As demand grew, and this manner of speech recognition was untenable, scientists began to turn to natural language processing (NLP). This system used algorithmic processing to determine what was said, using it’s best guess to determine words it did not understand, based on programmed rules for the language.
This is where speech recognition sat and waited for man’s reach to catch up to ambition. The global corporate giant, Google, introduced the first innovation in speech recognition software over a decade after Julie and Harpy were introduced. As phones became smaller and more portable, typing on them became more challenging. People wanted and needed an easier way to input data than typing it out on a tiny keyboard on their phone. Now Google offered voice-based commands for searching anything. “Google, what is this song called?” “Google, what is the weather today?” have now become common phrases heard in many households.
Interestingly, in a situation of life imitating art (or science fiction, in this case), the inspiration for Amazon’s work on Alexa came from the computer voice in Star Trek.
Speech recognition technology had now come full circle – what started as oral communication centuries ago became written communication, became electronic communication, and is now back to oral communication.
Dictation technology started simply, from a manager talking to a human assistant who took notes word for word in a shorthand language to be later transcribed into full words, to stenographers recording court proceedings by pressing a few buttons in a machine to transcribe to full words, to physicians dictating notes into a phone recording to be transcribed by a human into a written report. These humble beginnings evolved into increasingly sophisticated technologies as the need for increased efficiency, cost savings and short turnaround times increased in the faster paced world of today. “While companies differ in whether the technology is offered as a replacement of medical transcription or as a tool for assisting the process, a consistent claim across the speech recognition industry is that SRTs [speech recognition technology] can reduce costs due to faster turn-around times of medical documentation, higher efficiency, and increased accuracy (David et al., 2009, p. 926 – 927).
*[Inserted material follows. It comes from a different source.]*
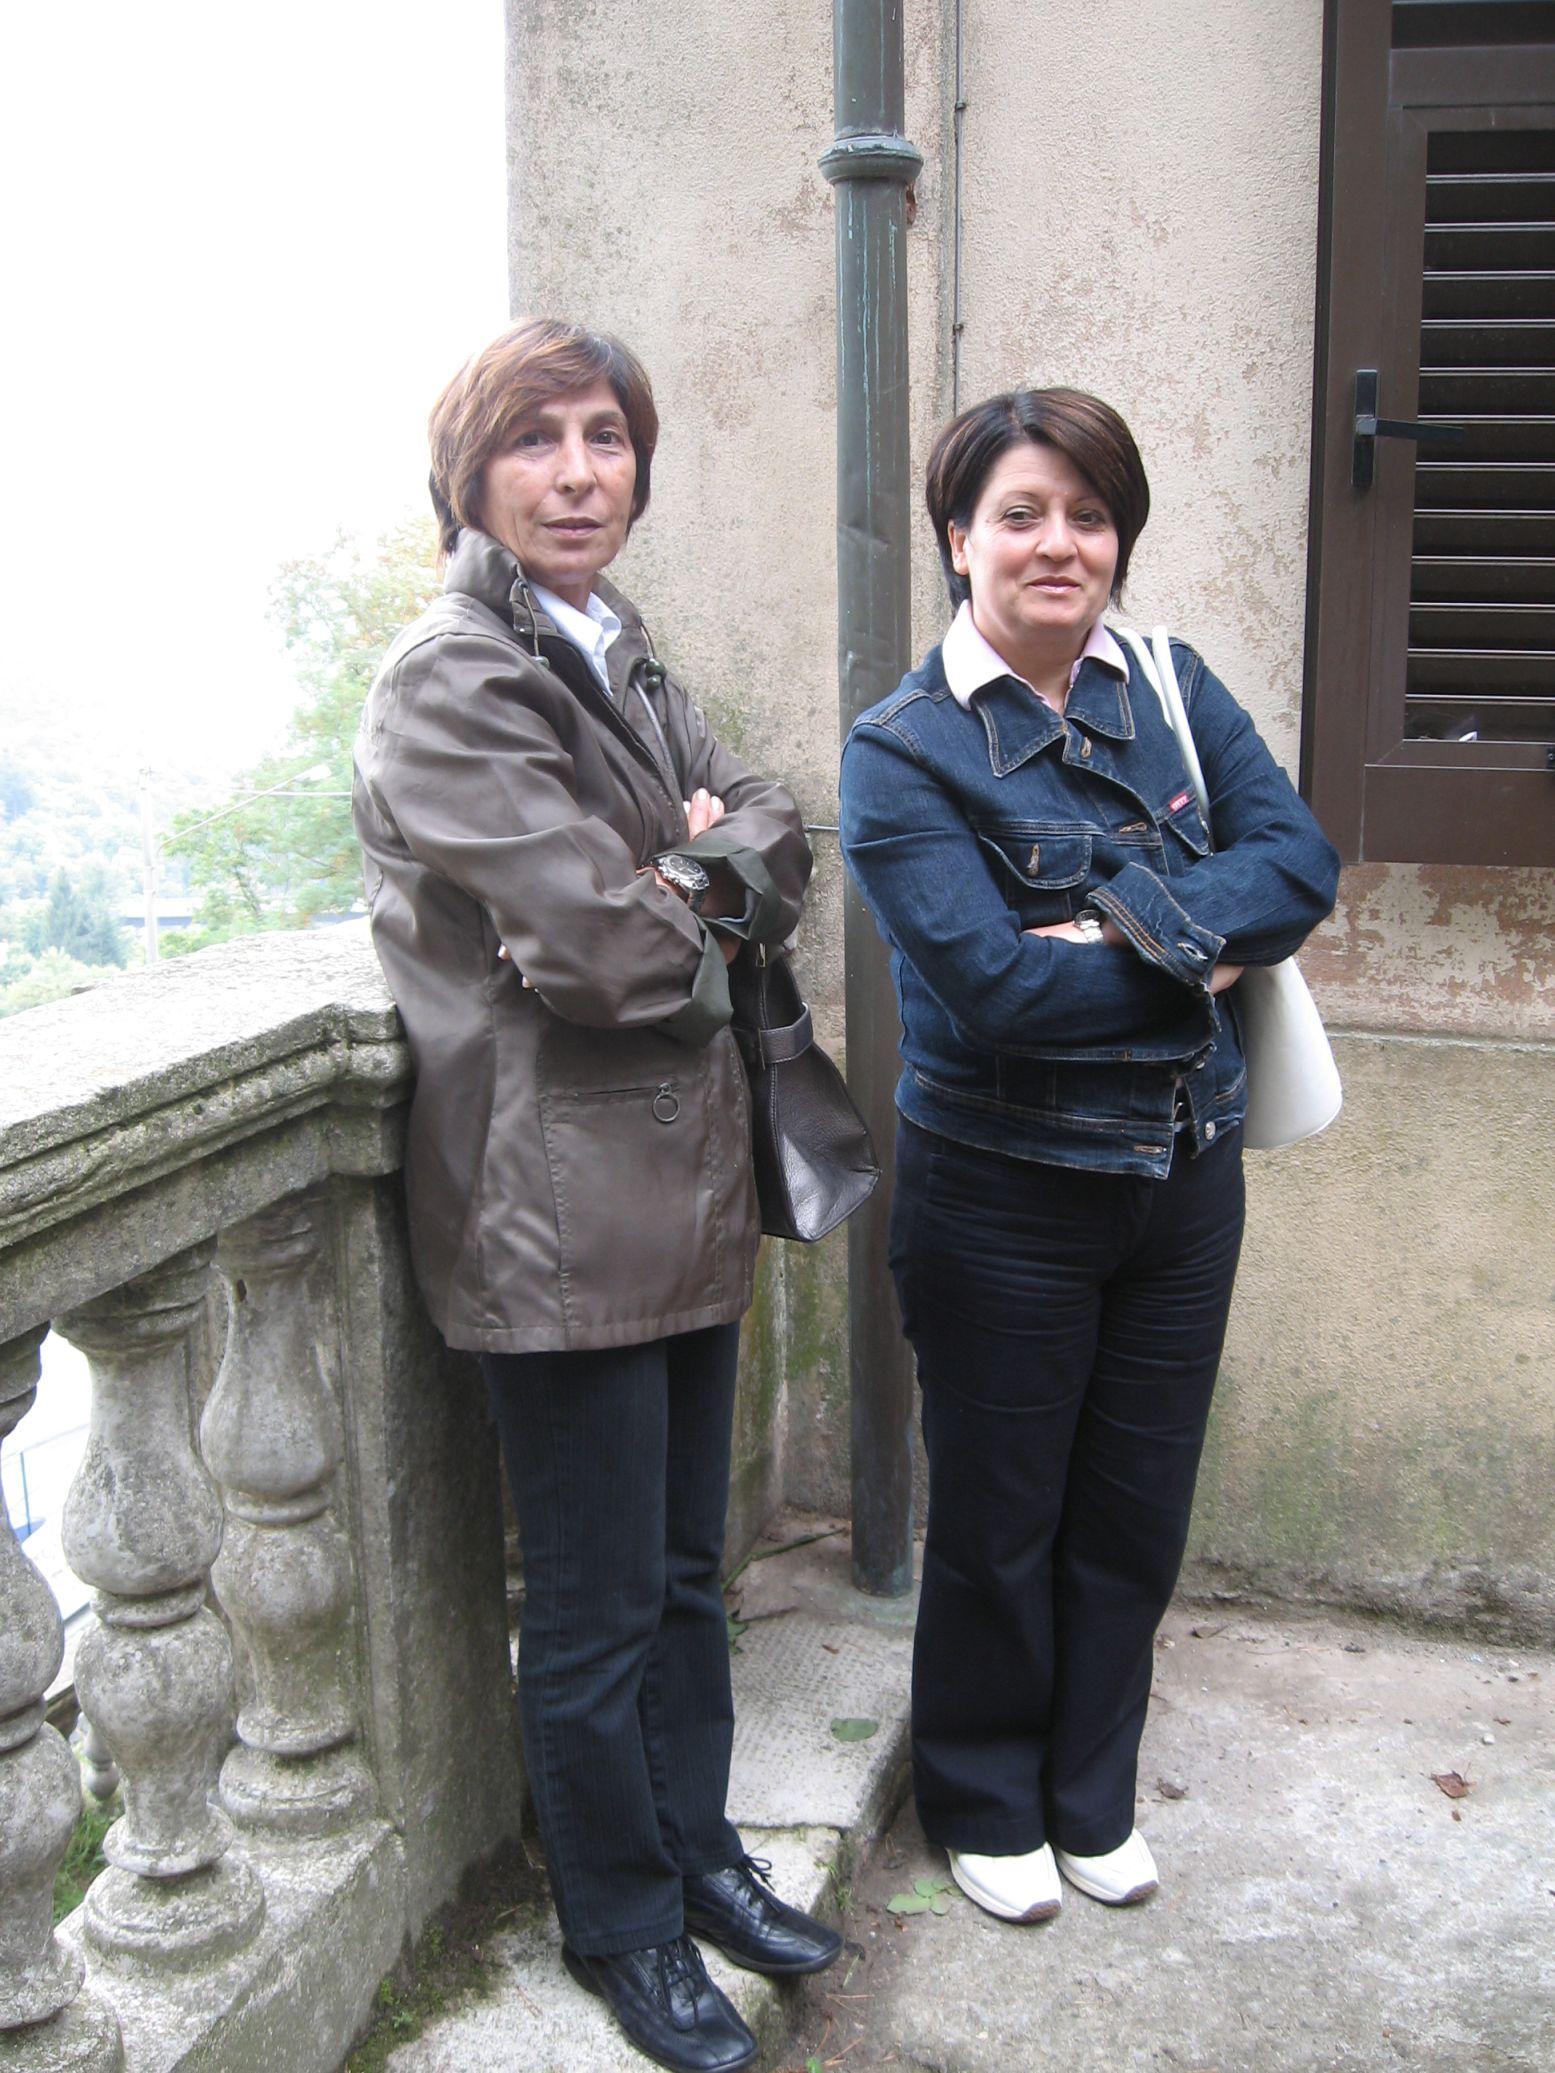 Bivacco_Persone_Impegnate_Torriglia-2009-09-20--15.10.01

Voice-to-Text technologies have become much more popular, particularly for those who have difficulty with written language and writing and this technology has eliminated the need for a trained human to translate or transcribe words from shorthand notes or voice recording. But has it really eliminated this need? David et al (2009) report that human, specially trained medical transcriptionists (MT) are still required. They state: “…the work of MTs is far more complex than just typing what is spoken in voice files. Their work requires complex professionally-informed interpretive acts that in turn require sustained attention to the social order properties and content of the doctor’s dictation, knowledge of medical terms and procedures, and an understanding of interactional processes, conventions of dictating, and of producing monologic speech acts.” (David et al., 2009 p. 925). So, while speech recognition technology is advanced, easy to use, and efficient, in some cases, such as specialized dictation contexts, humans are still required to interpret and edit the produced text. “Although not designed or even conceptualized to benefit students with disabilities, this concept would definitely have an impact on the learning and access to material for students with all different types of disabilities.” (Bakken et al., 2019, p. 51).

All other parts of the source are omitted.